Alain Rakotomamonjy spends much of his time researching Support vector machine, Artificial intelligence, Pattern recognition, Classifier and Machine learning. Alain Rakotomamonjy interconnects Variable, Histogram, Mathematical optimization and Regularization in the investigation of issues within Support vector machine. He is involved in the study of Artificial intelligence that focuses on Feature extraction in particular.
The study incorporates disciplines such as Relevance and Sensitivity in addition to Pattern recognition. His work in Classifier addresses issues such as Brain–computer interface, which are connected to fields such as Speech recognition and Statistical classification. The various areas that Alain Rakotomamonjy examines in his Machine learning study include Quadratic programming and Maximization.

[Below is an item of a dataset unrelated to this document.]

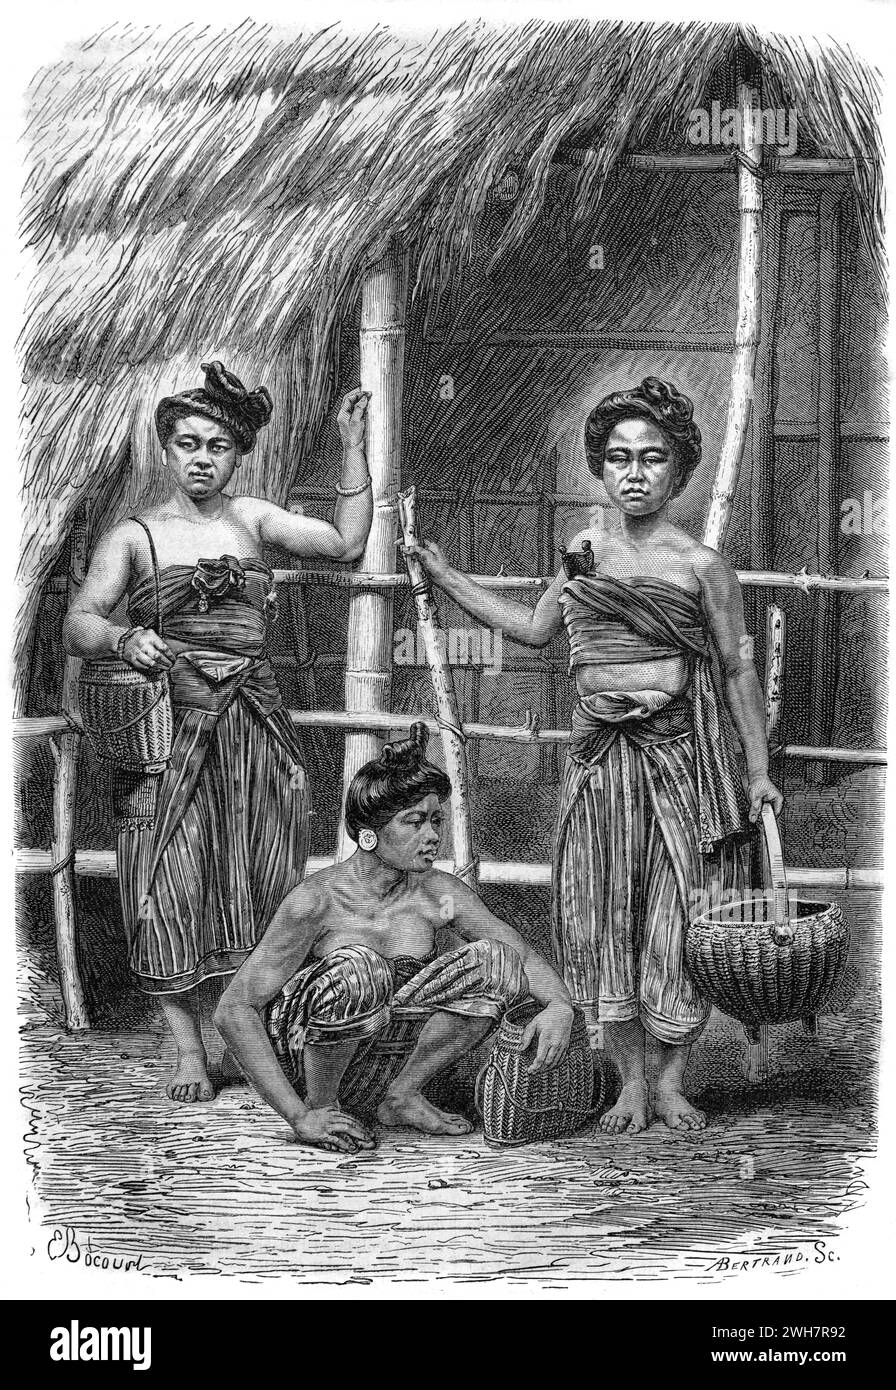 Laotische oder laotische Frauen tragen traditionelle Kleidung oder Kleidung neben ihrer Bambus und Grass Village Hut Laos. Vintage oder historische Gravur oder Illustration 1863 Stockfoto

Alain Rakotomamonjy mainly focuses on Artificial intelligence, Support vector machine, Pattern recognition, Algorithm and Mathematical optimization. The Artificial intelligence study combines topics in areas such as Machine learning, Brain–computer interface and Computer vision. His study in Support vector machine is interdisciplinary in nature, drawing from both Regularization, Filter and Feature selection.
His Pattern recognition study incorporates themes from Feature, Invariant and Kernel. He combines subjects such as Kernel embedding of distributions and Lasso with his study of Mathematical optimization. His Classifier research is multidisciplinary, incorporating perspectives in Speech recognition and Data analysis.

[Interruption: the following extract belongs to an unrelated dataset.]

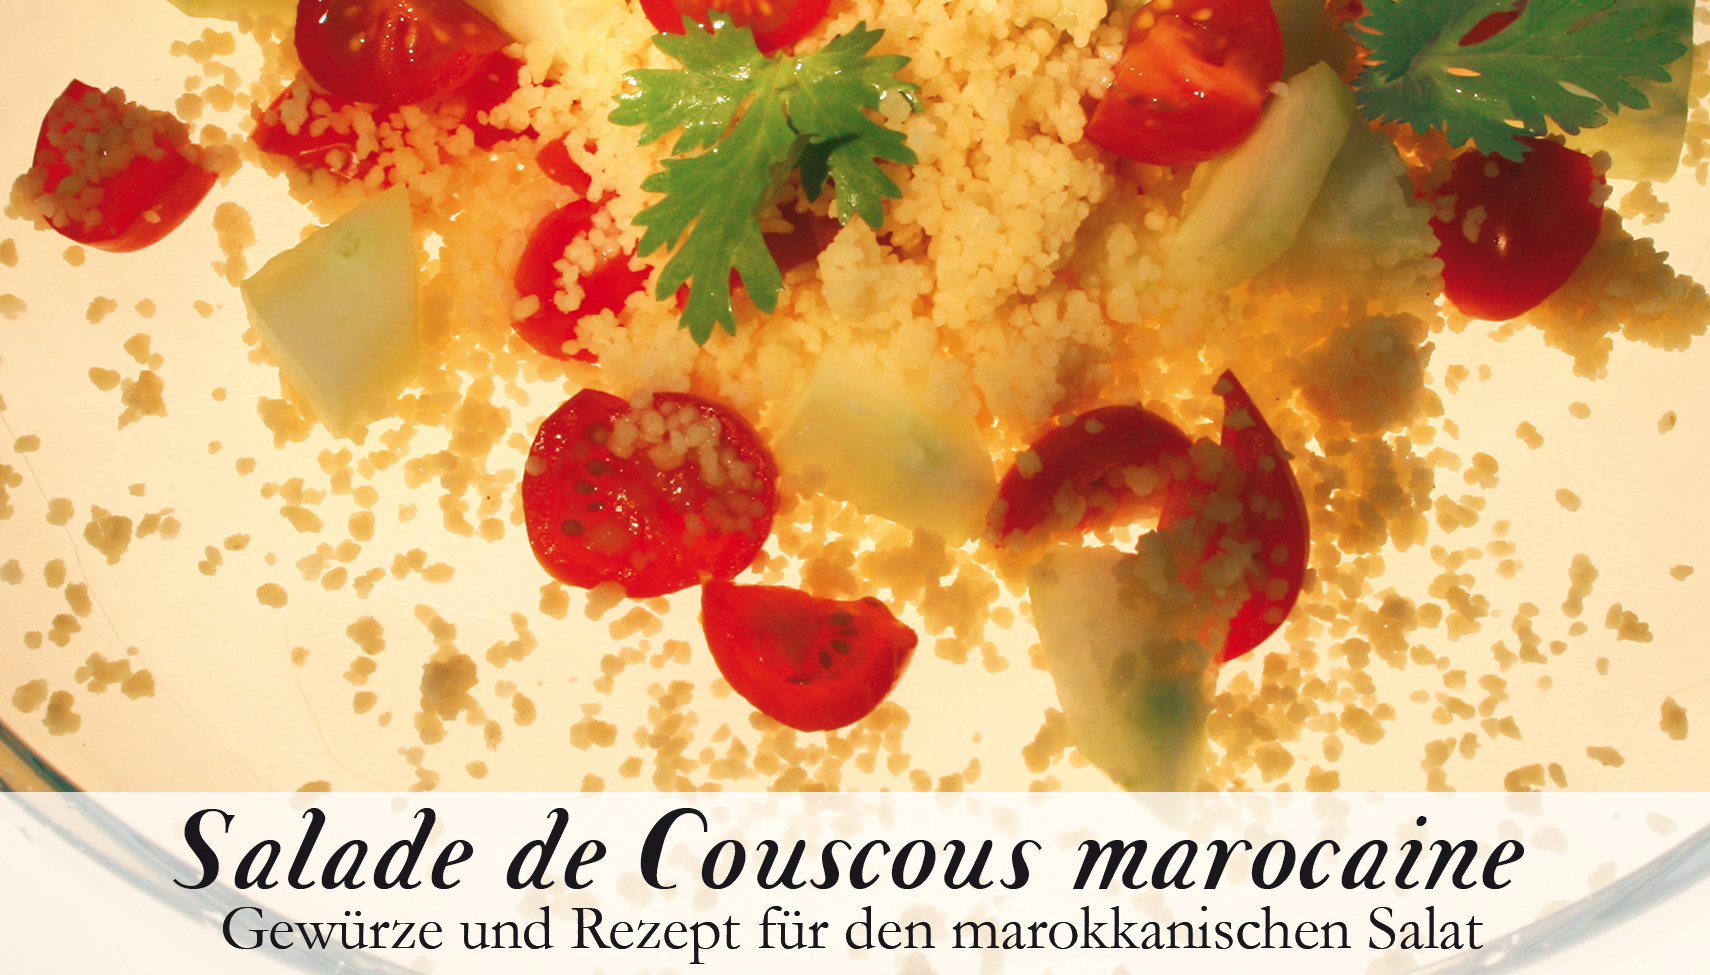 Salade de Couscous marocaine-Gewürzkasten

His scientific interests lie mostly in Algorithm, Artificial intelligence, Machine learning, Gradient descent and Mathematical optimization. His Artificial intelligence study integrates concerns from other disciplines, such as Matrix decomposition, Quadratic equation and Pattern recognition. His biological study spans a wide range of topics, including Initialization, Feature extraction and Concave function.

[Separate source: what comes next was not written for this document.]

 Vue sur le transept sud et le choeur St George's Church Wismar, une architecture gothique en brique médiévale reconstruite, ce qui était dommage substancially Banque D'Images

He studies Optimization problem, a branch of Mathematical optimization. His research in Transfer of learning intersects with topics in Classifier and Brain–computer interface. His study looks at the intersection of Classifier and topics like Random forest with Linear discriminant analysis.
His primary scientific interests are in Artificial intelligence, Machine learning, Algorithm, Function and Transfer of learning. His work on Deep learning, Feature extraction and Representation as part of general Artificial intelligence study is frequently linked to Generalization and Complete information, bridging the gap between disciplines. His Deep learning study combines topics from a wide range of disciplines, such as Discriminative model and Pattern recognition.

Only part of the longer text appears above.